*** Opening of RAW DATA ***
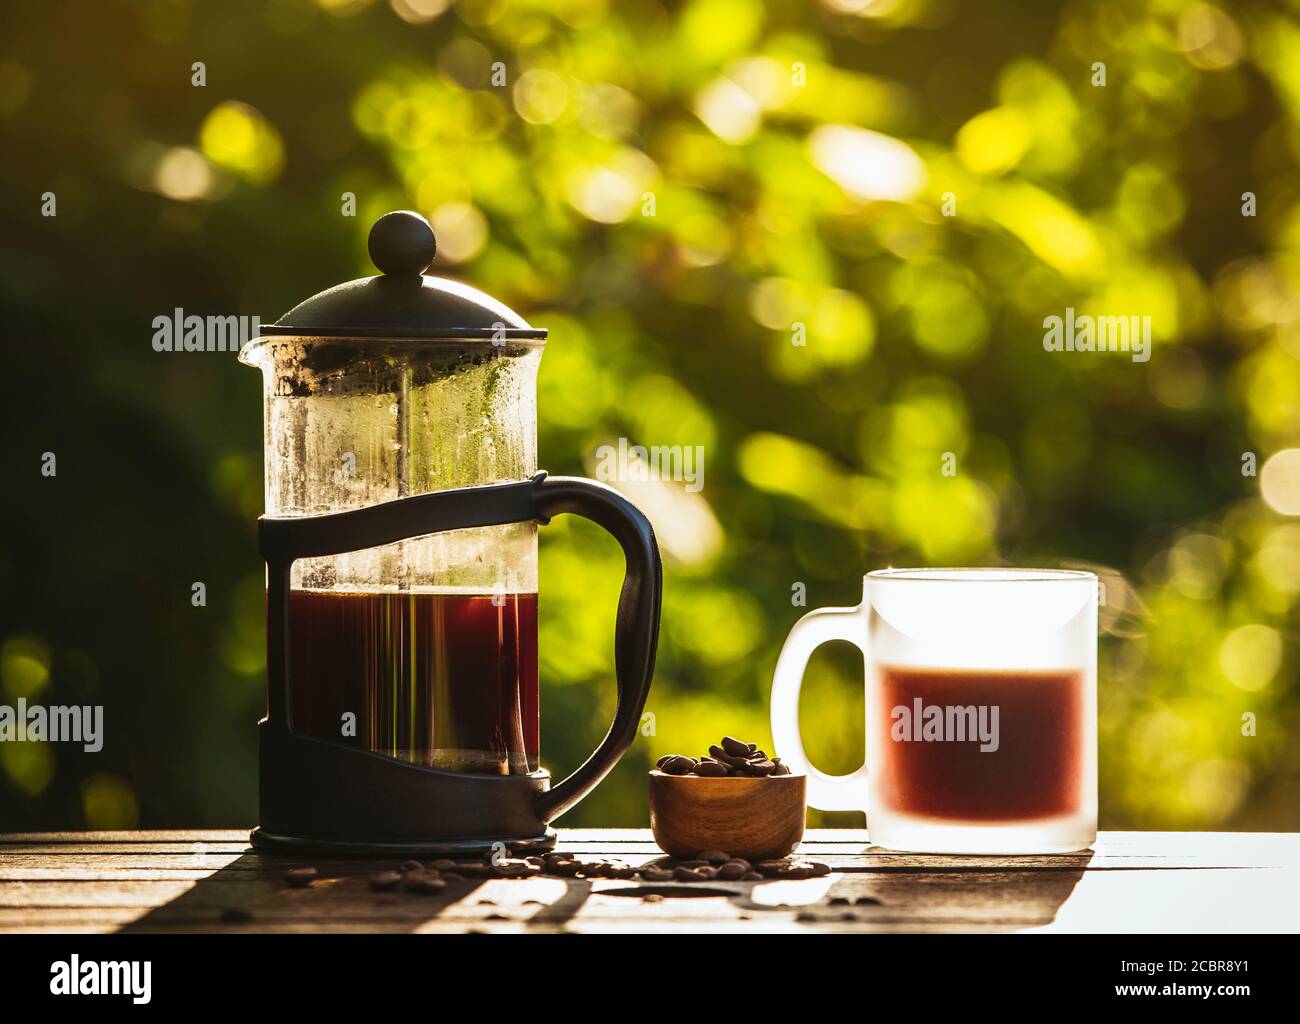 https://c8.alamy.com/comp/2CBR8Y1/french-press-coffee-and-cup-on-table-with-scattered-coffee-beans-in-garden-on-sunny-bright-morning-day-reason-to-wake-up-concept-bokeh-green-2CBR8Y1.jpg
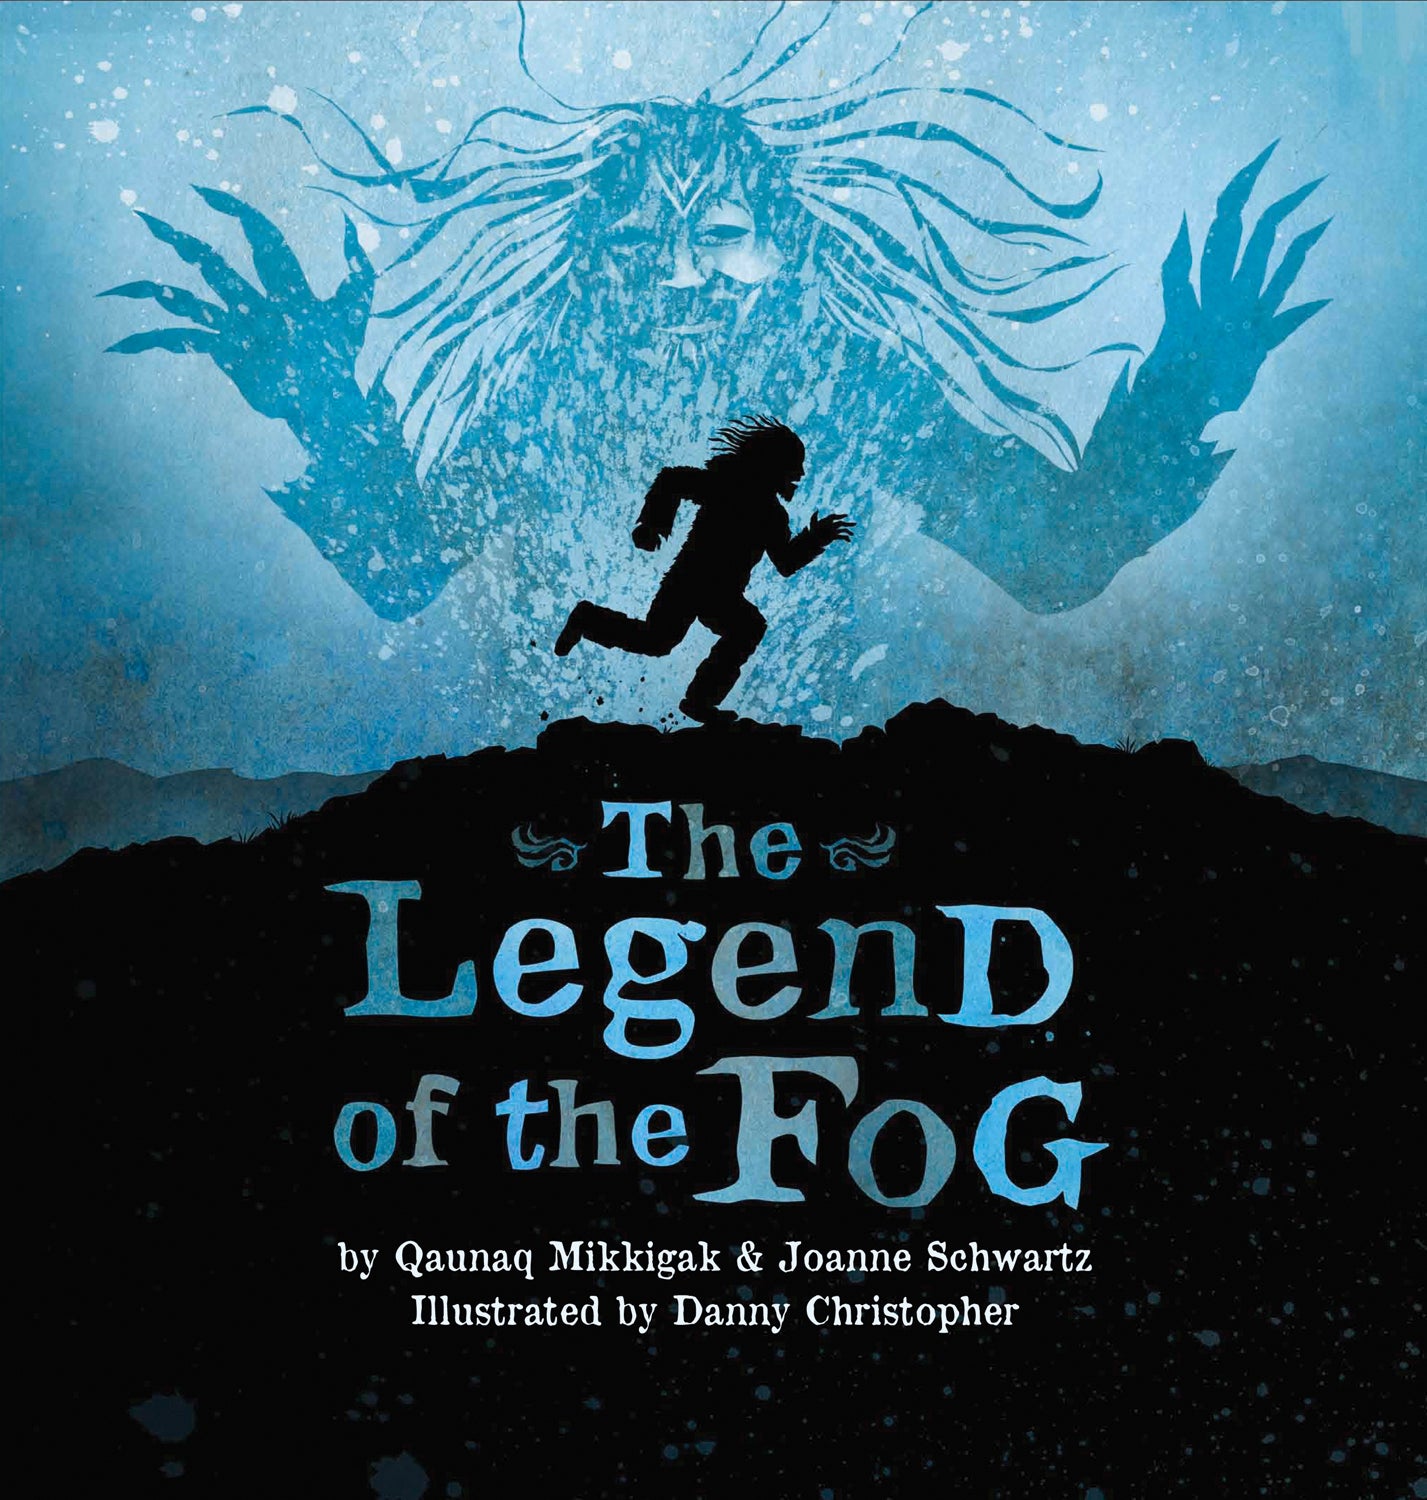 Legend of the Fog, The
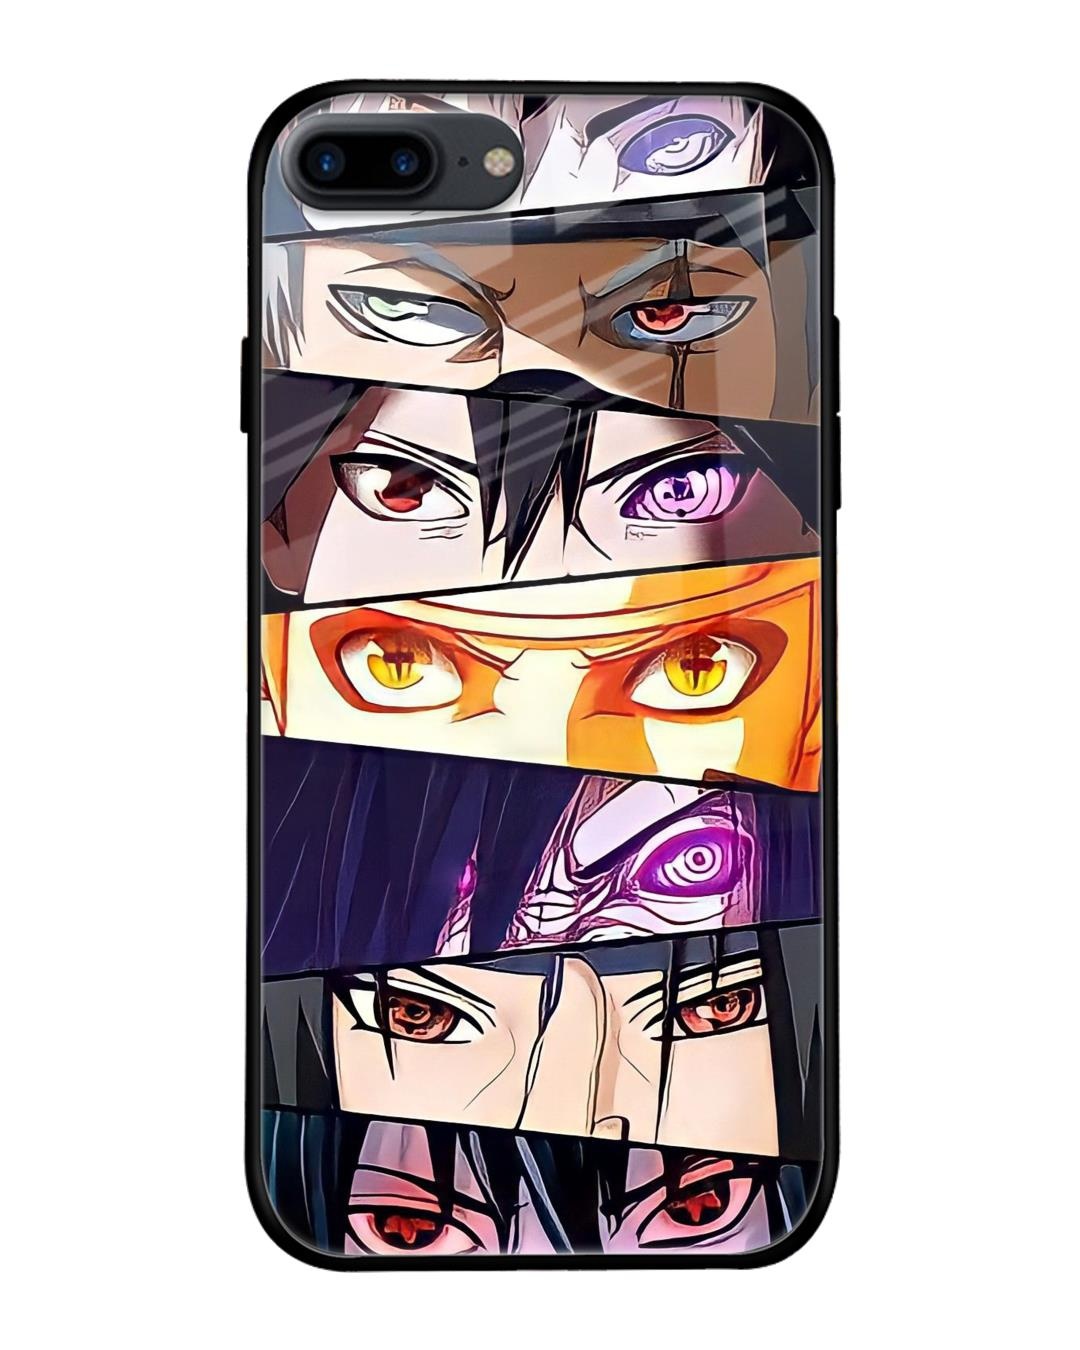 Buy Cartton Anime Apple Iphone 7 Plus Mobile Cover at Rs 99 Only  Zapvi
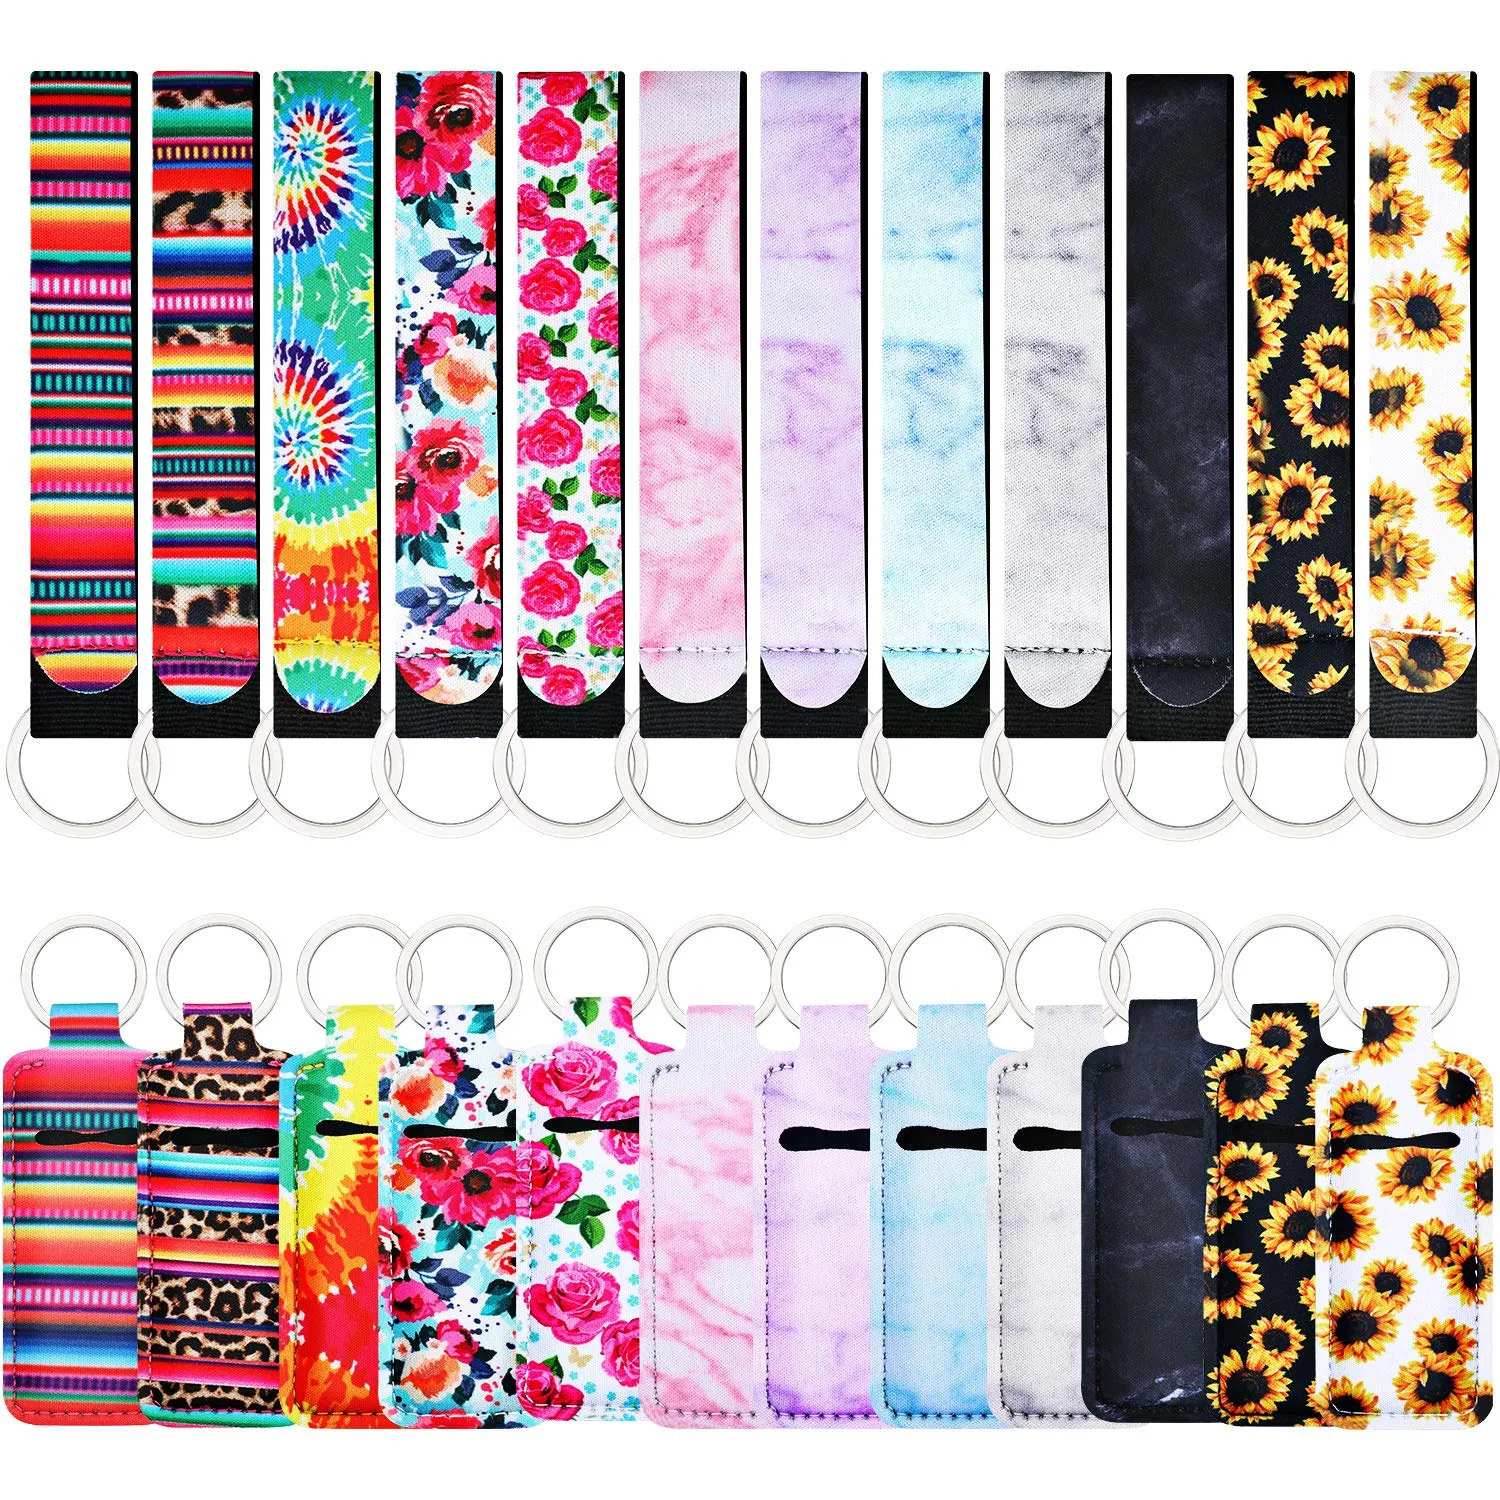 24Pieces Chapstick Keychain Holders Set with Wristlet Lanyards Lipstick Holder Sleeve Pouch Lip Balm Holder for Chapstick
*** Close of RAW DATA ***
■ EXERCISE OBJECTIVE ■
Find the line holding "Legend of the Fog, The" in the data above. Retype it and every later line exactly, through the end, but not the pictures.

■ ANSWER TO THE PROBLEM ■
 Legend of the Fog, The
 Buy Cartton Anime Apple Iphone 7 Plus Mobile Cover at Rs 99 Only  Zapvi
 24Pieces Chapstick Keychain Holders Set with Wristlet Lanyards Lipstick Holder Sleeve Pouch Lip Balm Holder for Chapstick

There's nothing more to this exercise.